Nine spectacular council outsourcing failures

Alan White and Kate Belgrave give us more reasons why you don’t want the private sector in the NHS.

One of the many concepts that free marketeers refuse to abandon in the face of all evidence is the idea that the private sector is better at providing public services than the public sector. Private companies have been cashing in on this fable for years at council and government level. As we file this report, another glorious outsourcing triumph is breaking: the Ministry of Justice has asked police to investigate alleged fraudulent behaviour by Serco staff in its Prisoner Escort and Custodial Services contract.

The national news stories are coming at such a rate we can barely keep up with them. But what happens at a local level often slips under the radar. That’s why we’re crossposting and adding to this False Economy blog by Kate, which features a list of some of the many spectacular council privatisation failures of the past few years (hat-tip to Barnet Unison for the idea - they published a Top Ten Commissioning Failures list last month).

The list below shows how much councils have spent to get out of private sector contracts and/or to deal with contract disputes and cost overruns. A lot of the companies featured on this and Barnet Unison’s list are sniffing excitedly around the NHS - to which they’ll doubtless bring this long-honed craft of getting heaps of public money, ditching service the second the contract is framed and delivering huge returns to their shareholders.

Feel free to add your own, or send them through to us at thesecretcuts@gmail.com

1) The Somerset county council and Southwest One dispute (via the eminently reasonable Barnet blogger Mr Reasonable)

This row was over savings not made by the joint venture partnership that the council had formed with IBM company Southwest One. The contract was to provide back office functions and services for Somerset, Taunton Deane borough council and Avon and Somerset Police.

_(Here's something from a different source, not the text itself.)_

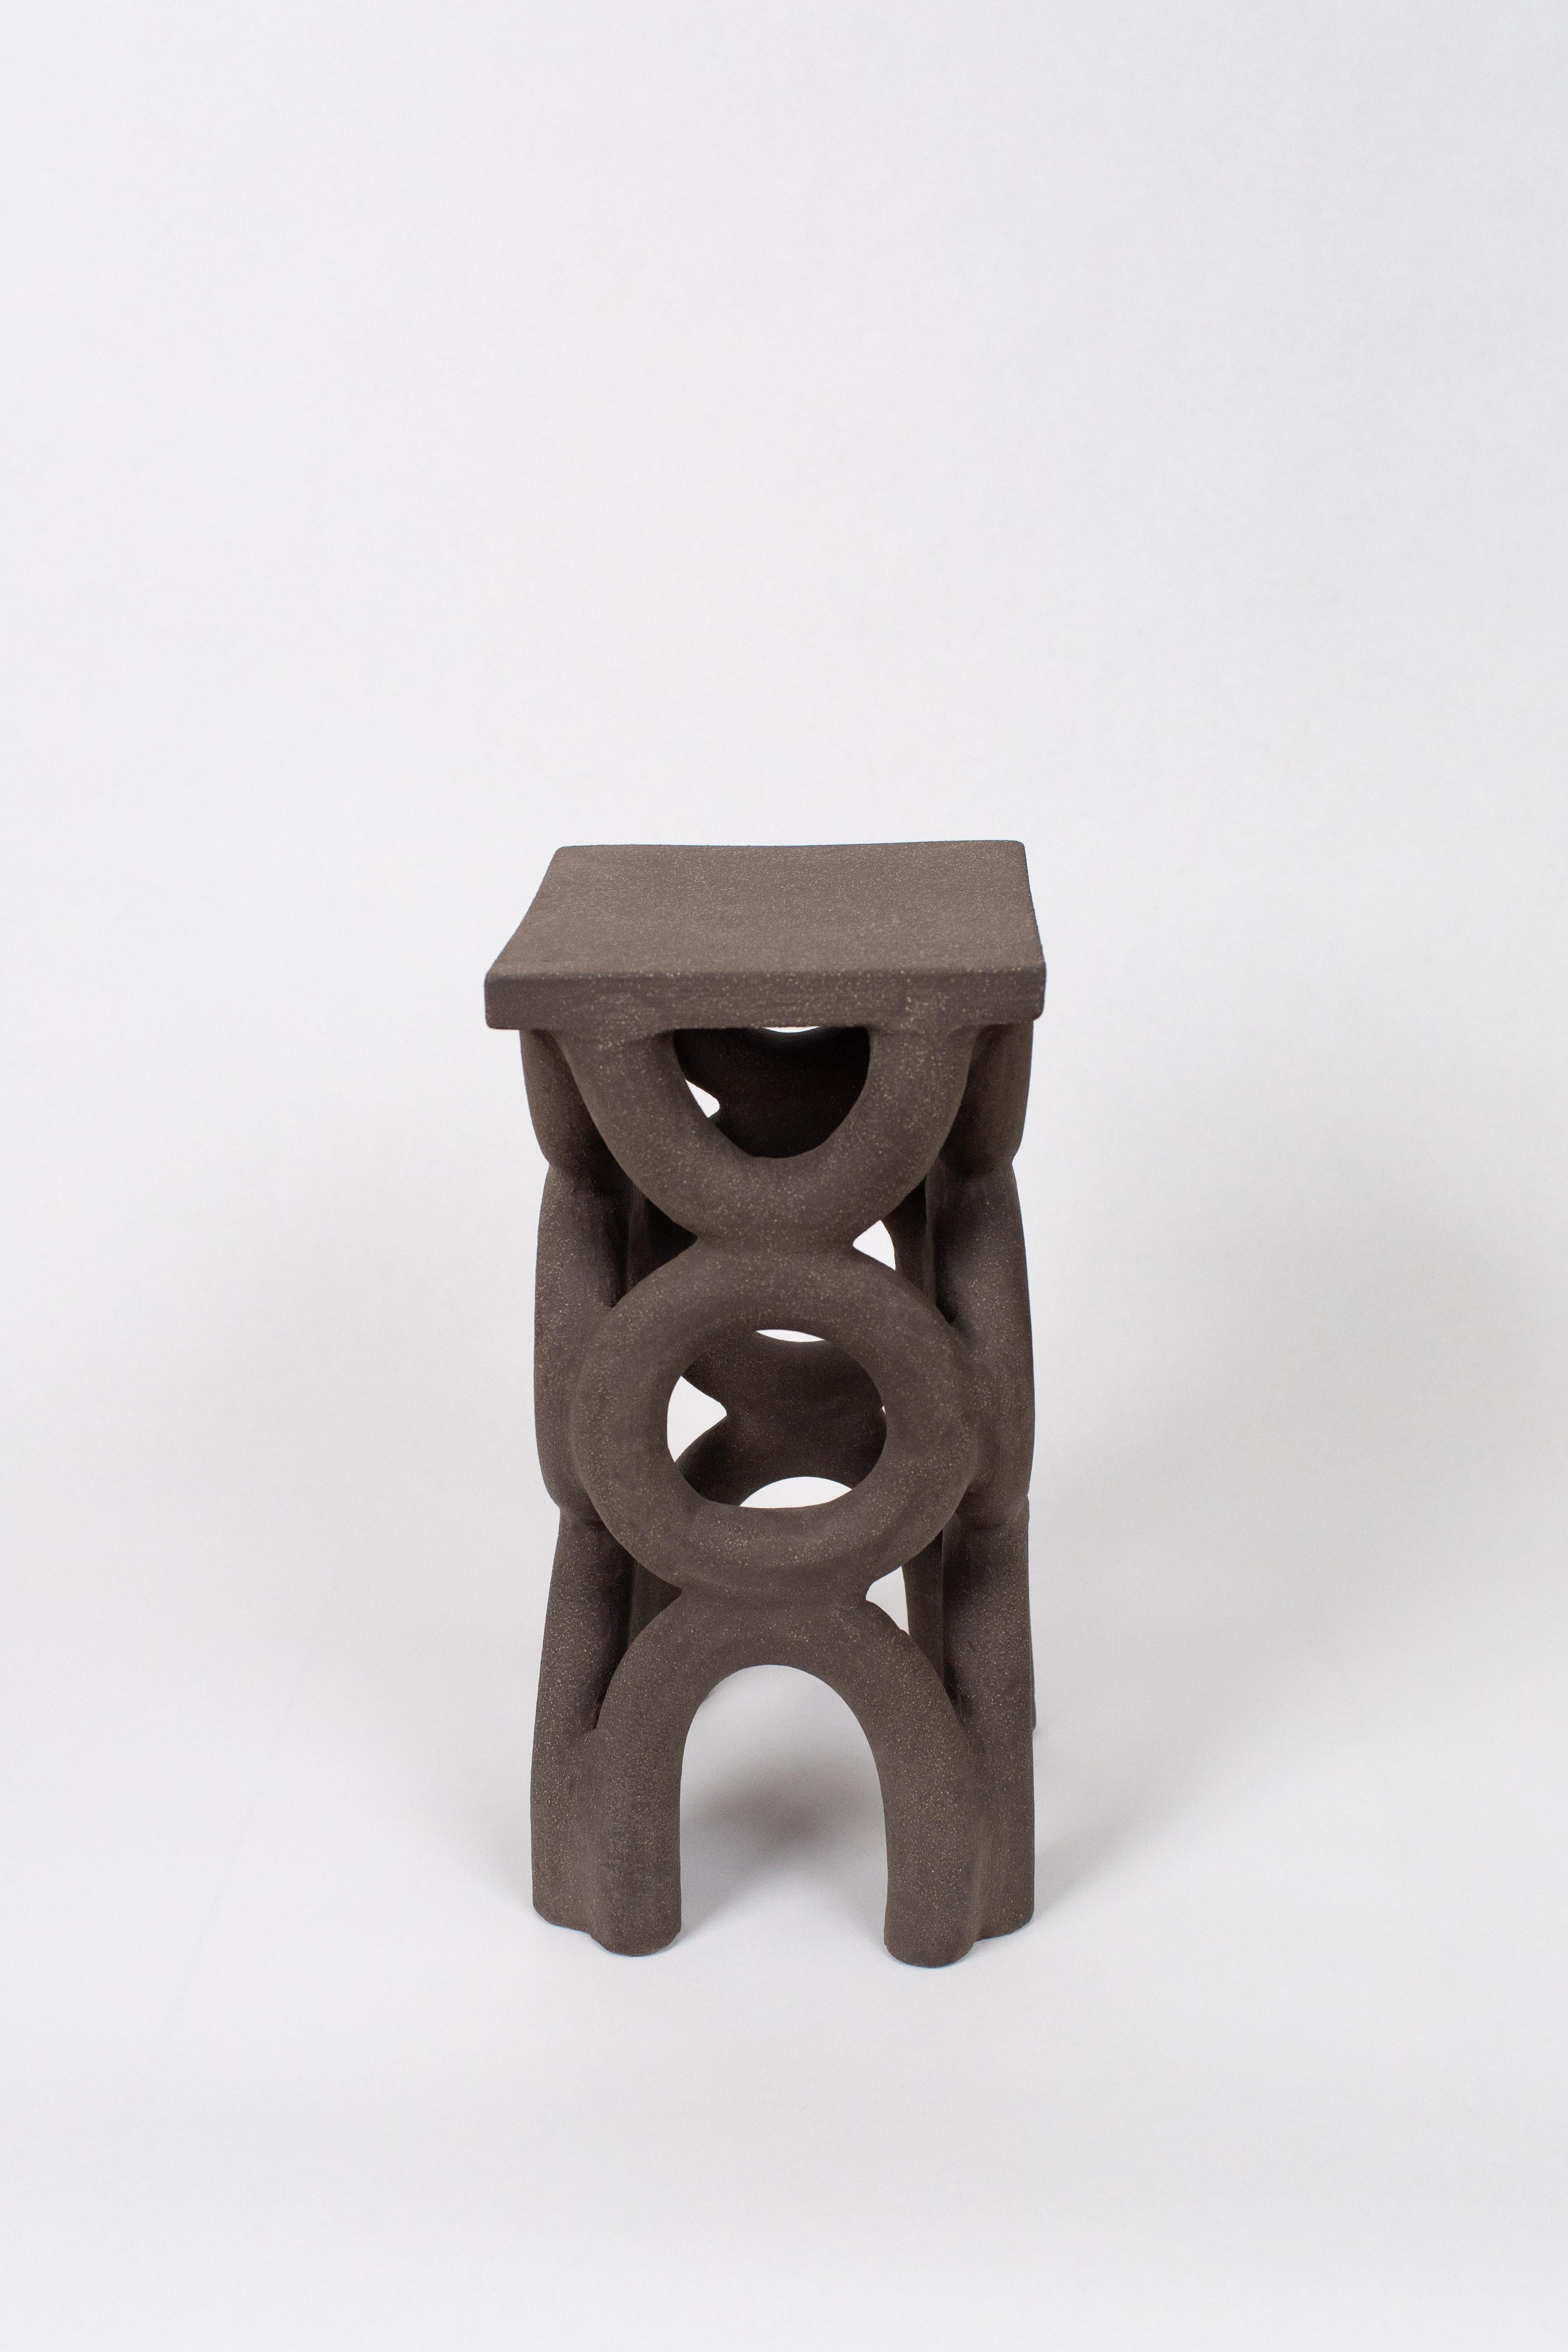 solid dark stool

As this Somerset County Gazette story observed: “Almost £5.5m of taxpayers’ money has been spent settling a dispute between Somerset County Council and an organisation it hired to cut costs.”

Mr Reasonable reported: “The dispute has now been settled, but the process has racked up a huge legal bill. As revealed in a Freedom of Information request, the total legal bill came to more than £2.6m. The lion's share of fees went to Pincent Masons, but it was interesting to see that Barnet's lawyers Trowers & Hamlin were also in receipt of fees in 2011/12.” (Barnet’s lawyers are worth a mention, as they’ve been much to the fore as Barnet residents, bloggers and campaigners have fought Barnet Council’s own mass privatisation plans.)

Somerset council cabinet member for resources, David Huxtable, told the BBC: "In this kind of dispute with a major international blue-chip company you wouldn't want to go forward with inexpensive lawyers."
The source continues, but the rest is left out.